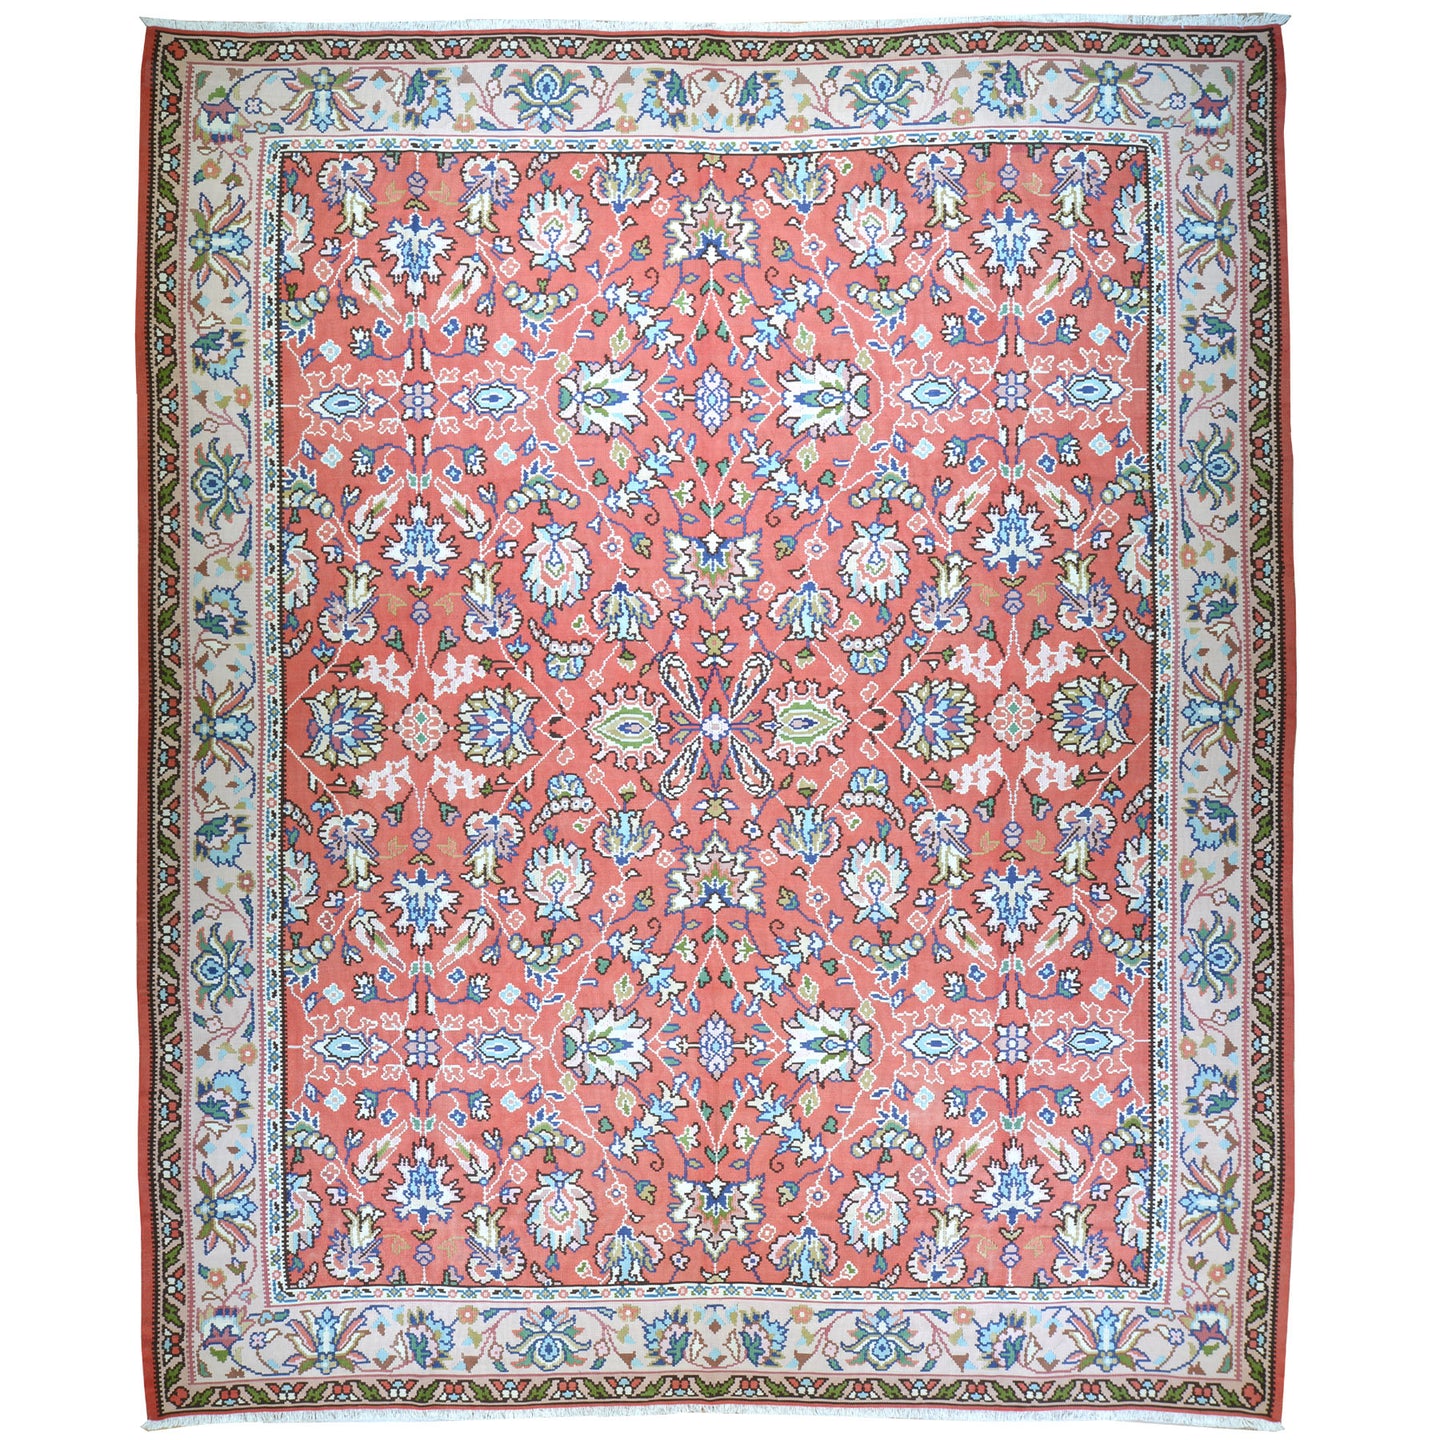 Oriental rugs, hand-knotted carpets, sustainable rugs, classic world oriental rugs, handmade, United States, interior design,  Brrsf-579
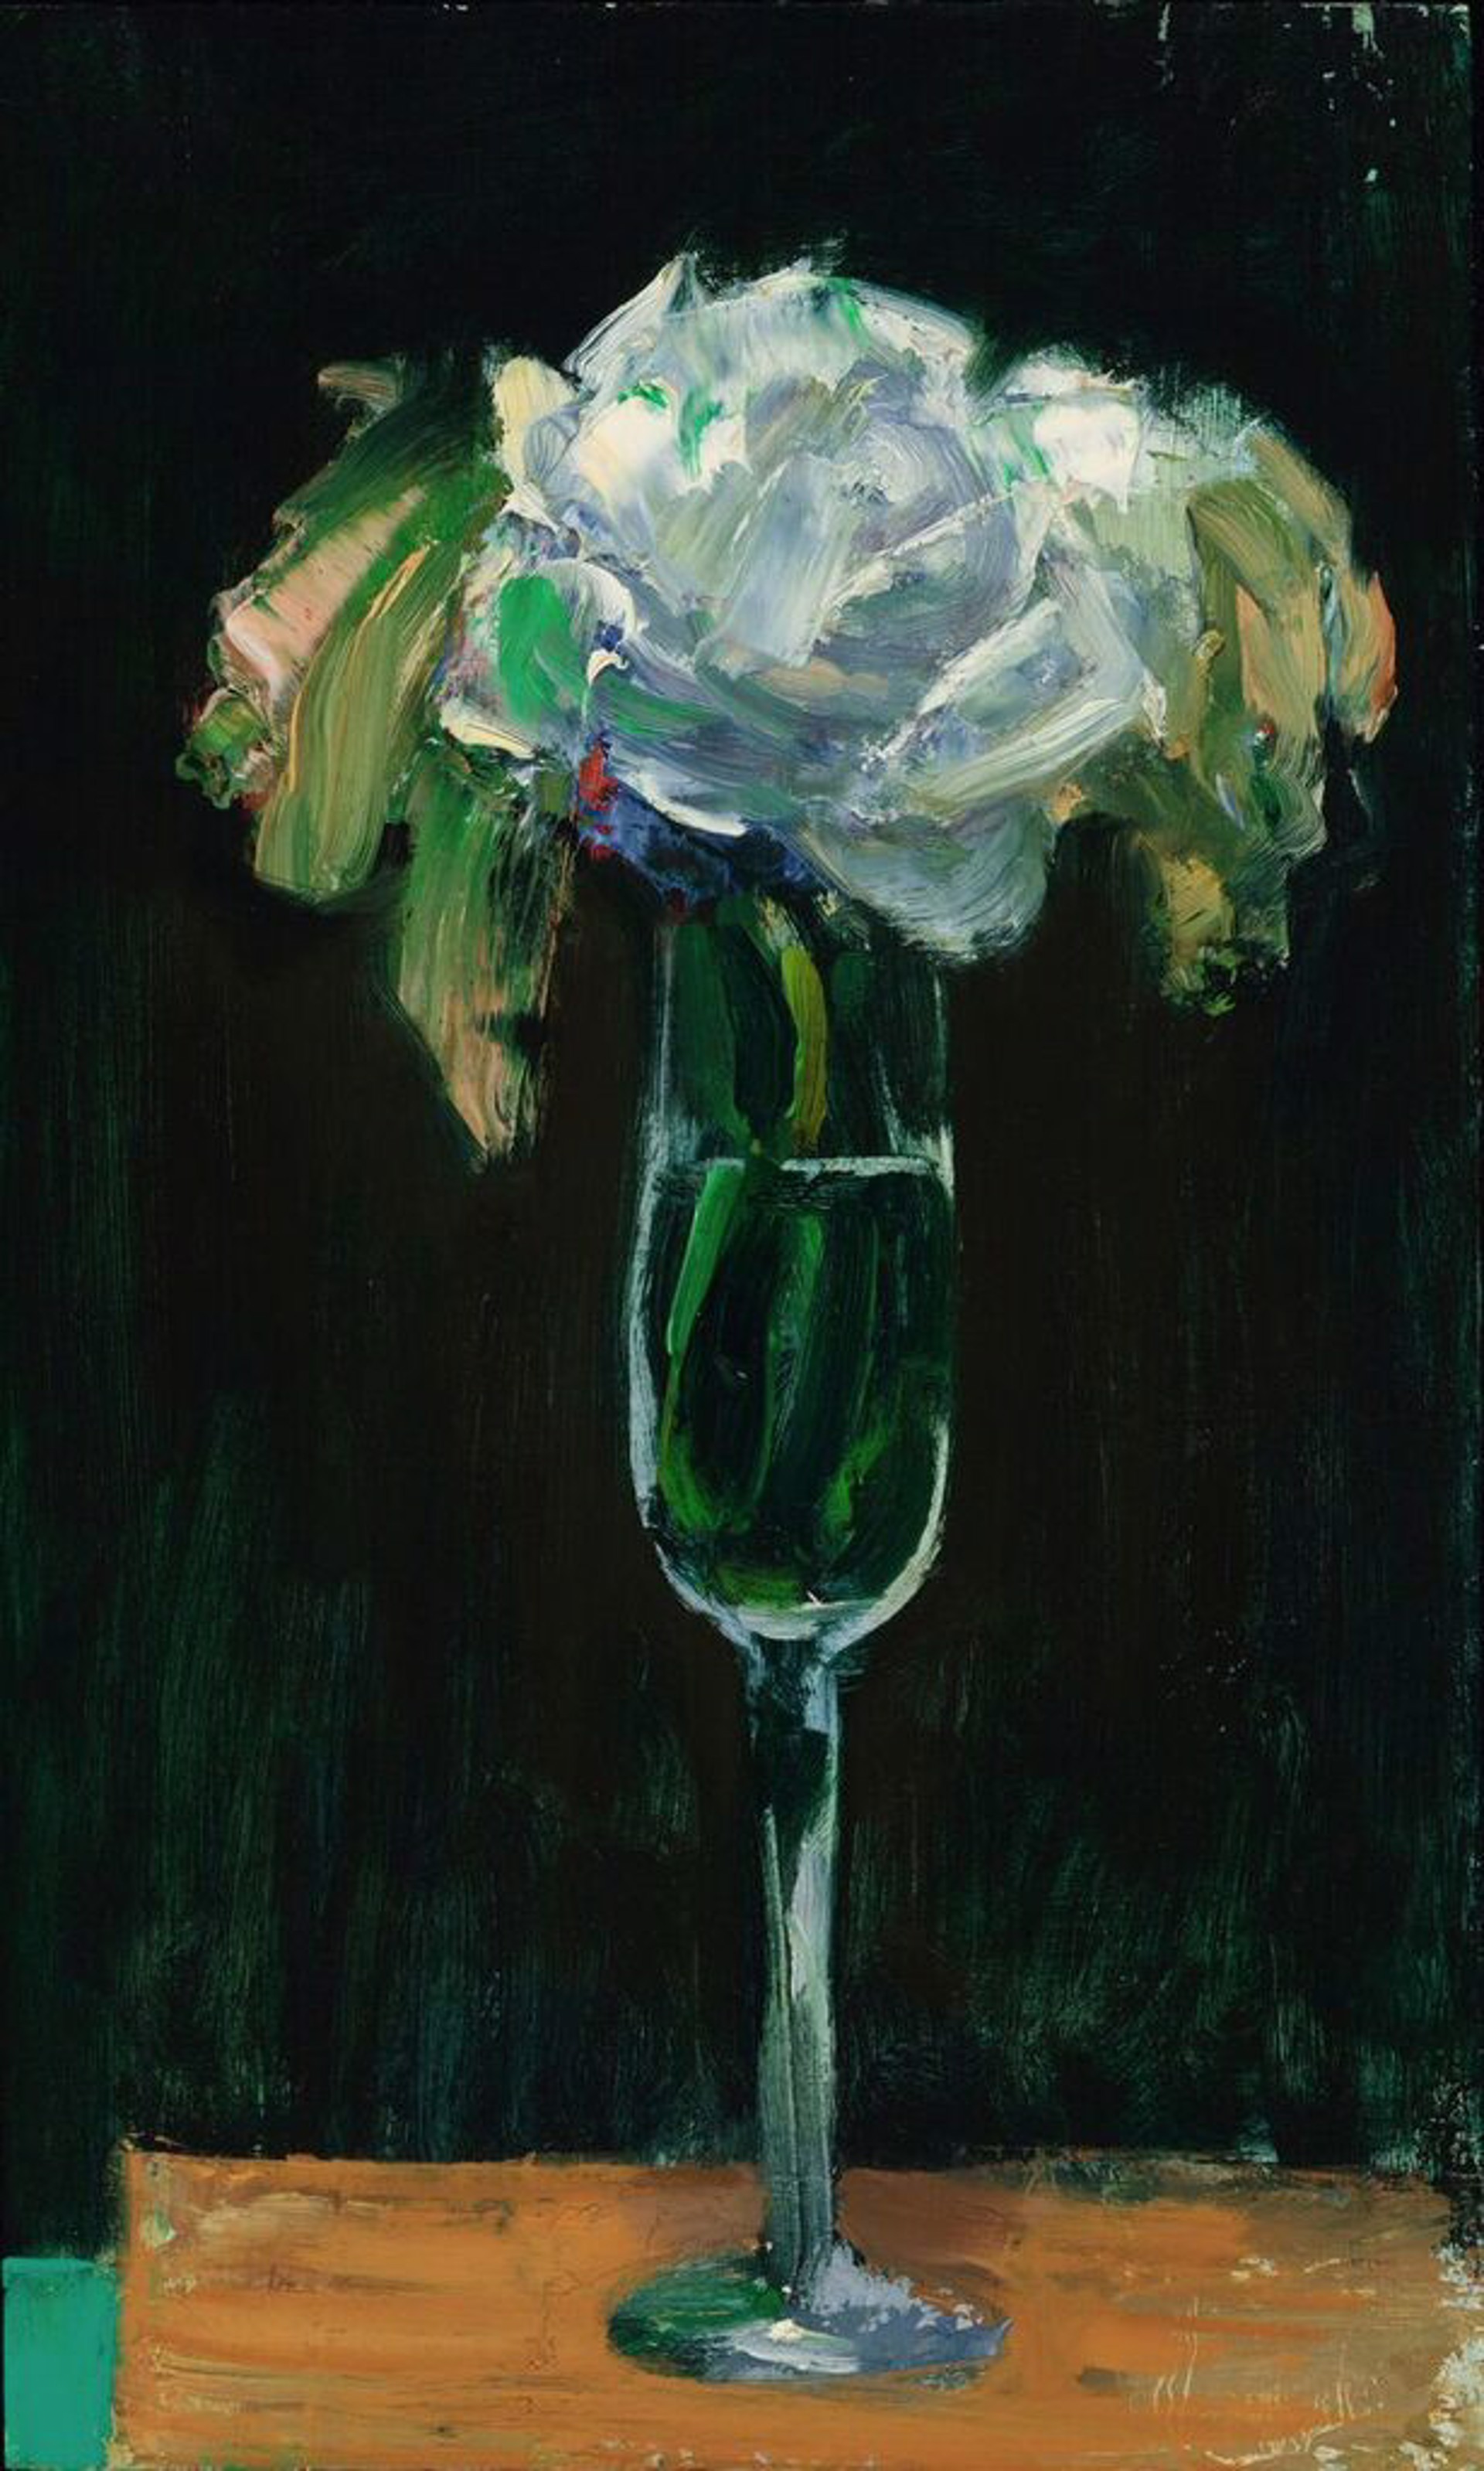 White Rose #2,  2016 by Donald Beal
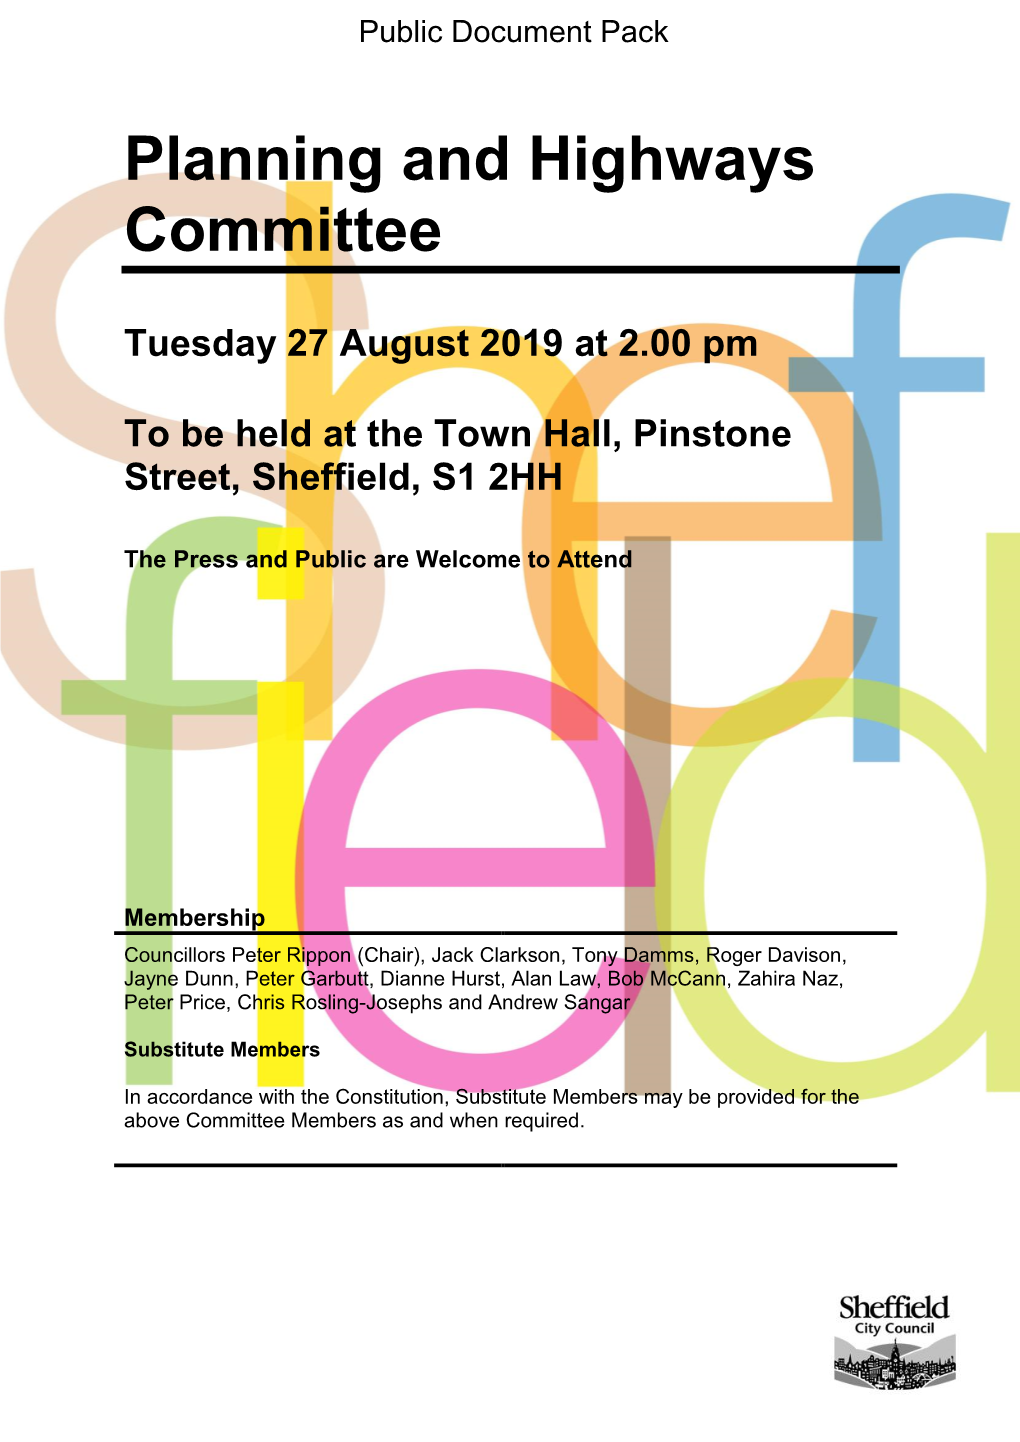 Planning and Highways Committee
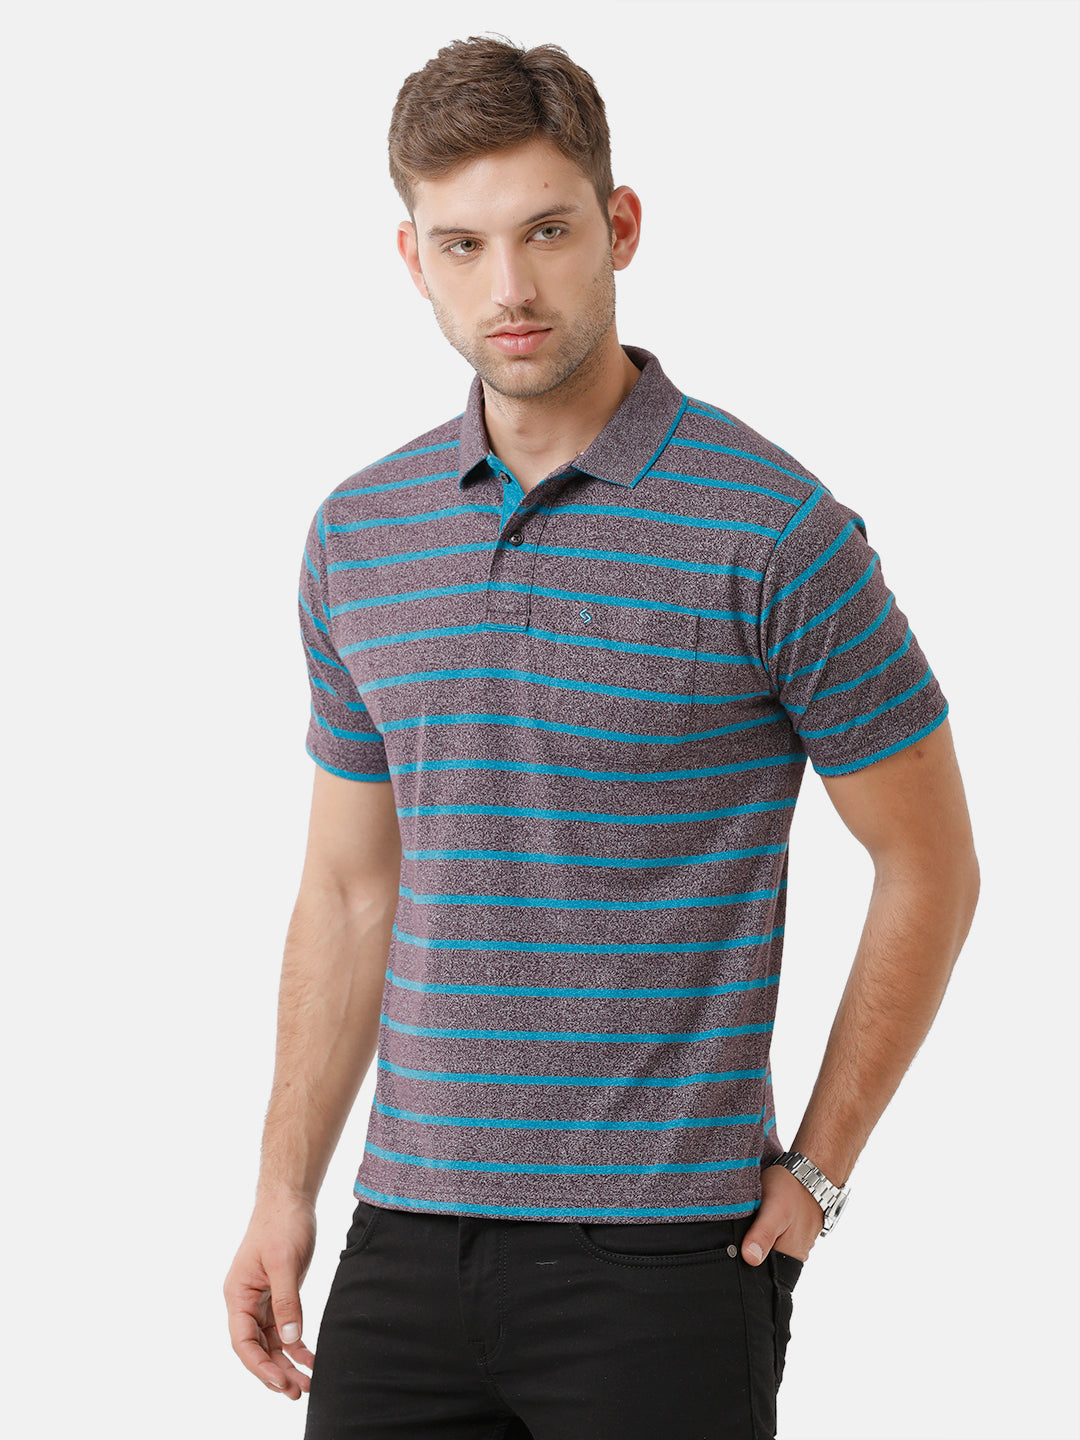 Classic Polo Mens Cotton Blend Striped Half Sleeve Authentic Fit Polo Neck Dark Grey Color T-Shirt | Mel 212 B

============

Give back every line of the material above word for word, leaving out the pictures.

 Oriental rugs, hand-knotted carpets, sustainable rugs, classic world oriental rugs, handmade, United States, interior design,  Brrsf-579
 White Rose #2,  2016 by Donald Beal
 Planning and Highways Committee
 Classic Polo Mens Cotton Blend Striped Half Sleeve Authentic Fit Polo Neck Dark Grey Color T-Shirt | Mel 212 B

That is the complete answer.